» TASK GOAL: An exact restatement of the data is required, with the images omitted.
--- DATA SECTION Enclosed Below ---
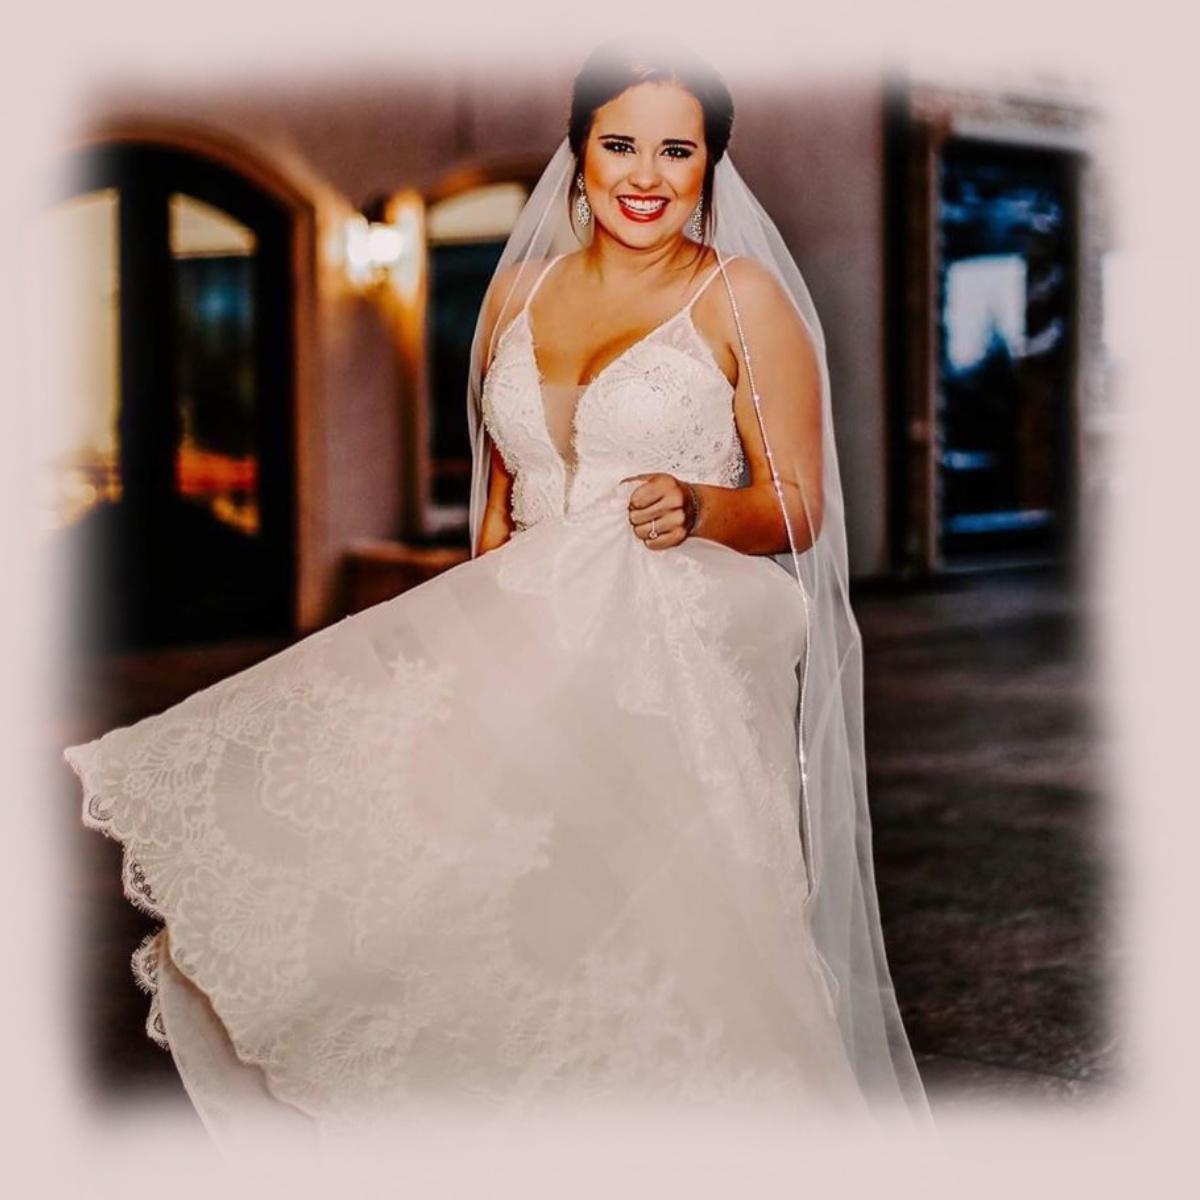 Azarue's Bridal Testimonial
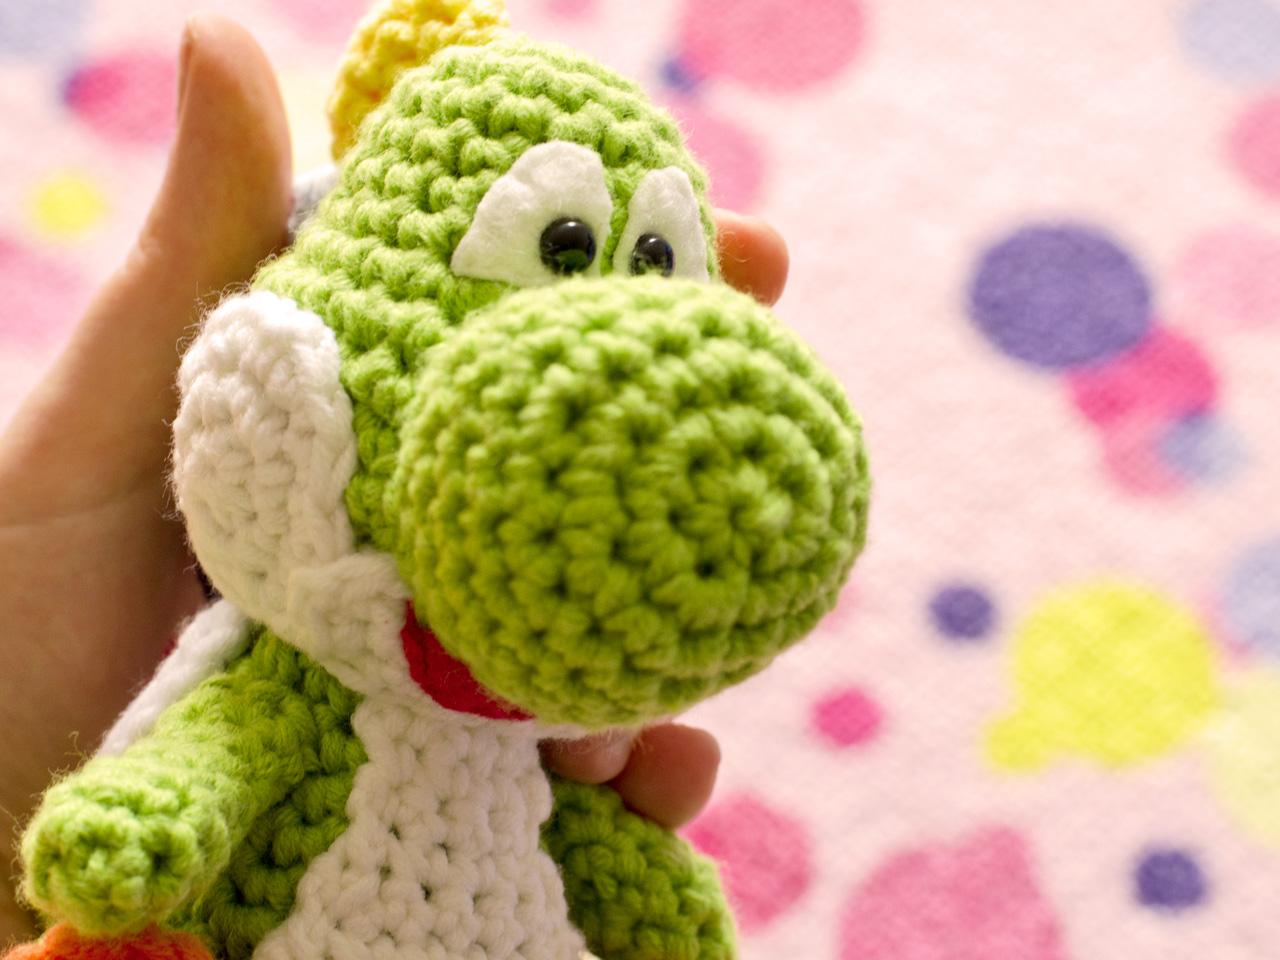 Amigurumi Dinosaur Yoshi Crochet Free Pattern - Amigurumi Free ... | 960x1280
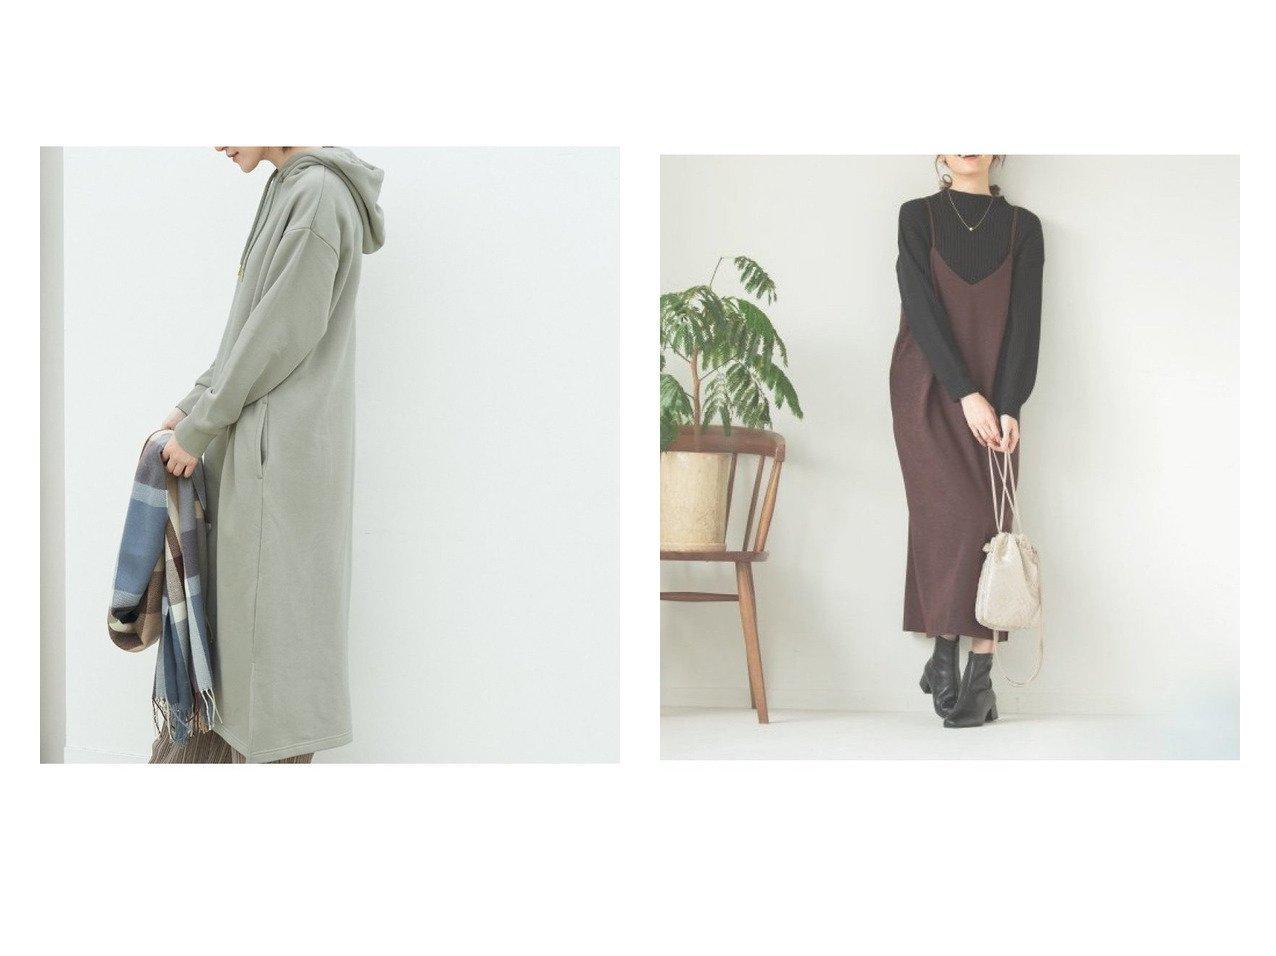 【Rope Picnic/ロペピクニック】の裏起毛裏毛フードワンピース&【GLOBAL WORK/グローバルワーク】のスウェードサテンキャミワンピ ワンピース・ドレスのおすすめ!人気、レディースファッションの通販 おすすめで人気のファッション通販商品 インテリア・家具・キッズファッション・メンズファッション・レディースファッション・服の通販 founy(ファニー) https://founy.com/ ファッション Fashion レディース WOMEN ワンピース Dress キャミワンピース No Sleeve Dresses シンプル パーカー ボトム ポケット レギンス カットソー キャミワンピース スリット タートル  ID:crp329100000002961
--- End of Enclosed DATA SECTION ---
» RESULT FOR THIS EXERCISE:
 Azarue's Bridal Testimonial
 Amigurumi Dinosaur Yoshi Crochet Free Pattern - Amigurumi Free ... | 960x1280
 【Rope Picnic/ロペピクニック】の裏起毛裏毛フードワンピース&【GLOBAL WORK/グローバルワーク】のスウェードサテンキャミワンピ ワンピース・ドレスのおすすめ!人気、レディースファッションの通販 おすすめで人気のファッション通販商品 インテリア・家具・キッズファッション・メンズファッション・レディースファッション・服の通販 founy(ファニー) https://founy.com/ ファッション Fashion レディース WOMEN ワンピース Dress キャミワンピース No Sleeve Dresses シンプル パーカー ボトム ポケット レギンス カットソー キャミワンピース スリット タートル  ID:crp329100000002961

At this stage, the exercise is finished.